I have reviewed the five-year plan. As I said, Hubert Lacroix has had an open door policy in terms of discussing these issues. He and I have had free and very healthy, good debates and conversations in the past about how things ought to be, obviously respecting the boundary that needs to exist between the minister responsible and the independence of the CBC.
Funding questions are sometimes seen as a little bit more black and white. I've gotten the question here from Madame Lavallée about a five- or ten-year funding commitment to CBC and the question about the $60 million programming fund. But it gets a little oversimplified, doesn't it? Some people say, “How much money are you going to give to the CBC? Is it going to be $1.1 billion, $1.2 billion? For how many years? Locked in? What about the $60 million? Permanent or not?”
The challenges that the CBC and, frankly, all broadcasters have faced in the last three years are far more complicated than that. Don't forget, a third of the CBC's revenues come from advertising revenue, from outside sources--DVD sales, T-shirt sales, everything they do to raise funds from the outside. That's a third of their funding. All broadcasters saw a massive cratering of advertising revenue, so the challenges the CBC faced were a lot more than just how much money the government is going to give us and over how many years.

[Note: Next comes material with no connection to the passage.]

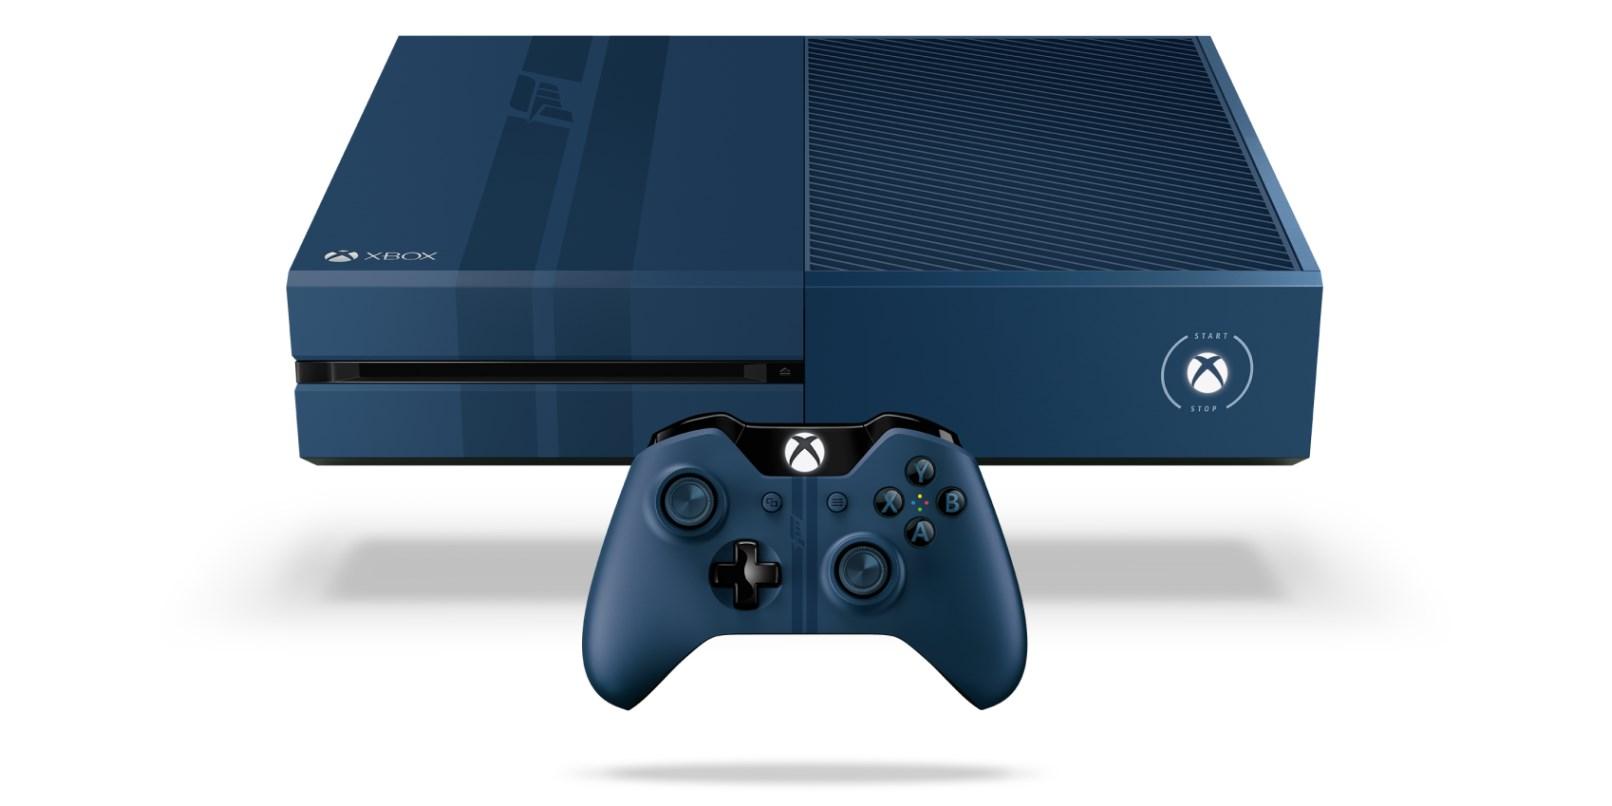 Microsoft Sınırlı Sayıda Forza Motorsport 6 Xbox One Oyun Konsolu Duyurdu!

There were also some structural questions, for example, the sale of some assets that the CBC wanted to monetize in order to make some of the changes they've made structurally within the CBC that in the long term are going to serve the CBC. For example, there is the sale of their satellite radio holdings' storefront--in a parking lot in downtown Toronto, if my memory serves me--monetizing these assets, and doing it quickly, having it done through Treasury Board quickly so that CBC can have access to those funds quickly, so they can address some of the issues they're having in terms of cashflow because of a drop in advertising revenue.
We work with the CBC in a more intimate way than people understand on the financing side. Rather than just saying, when is the budget coming, how much are you going to give them, and for how many years, it's on an ongoing basis, and in a time of an economic crisis like we just had, it's having an open door, a healthy working relationship with the CBC, so we can tackle some of these funding issues head on and in a mature way. That's what we've had.
I've given Hubert Lacroix some praise here, but I think he genuinely deserves it for coming up with really creative and effective ways of making sure that the taxpayers' money they're getting has as much velocity as possible, so that Canadians see the end product, which is more Canadian content on their television screens, on their computer screens, on their portables, and on their radios.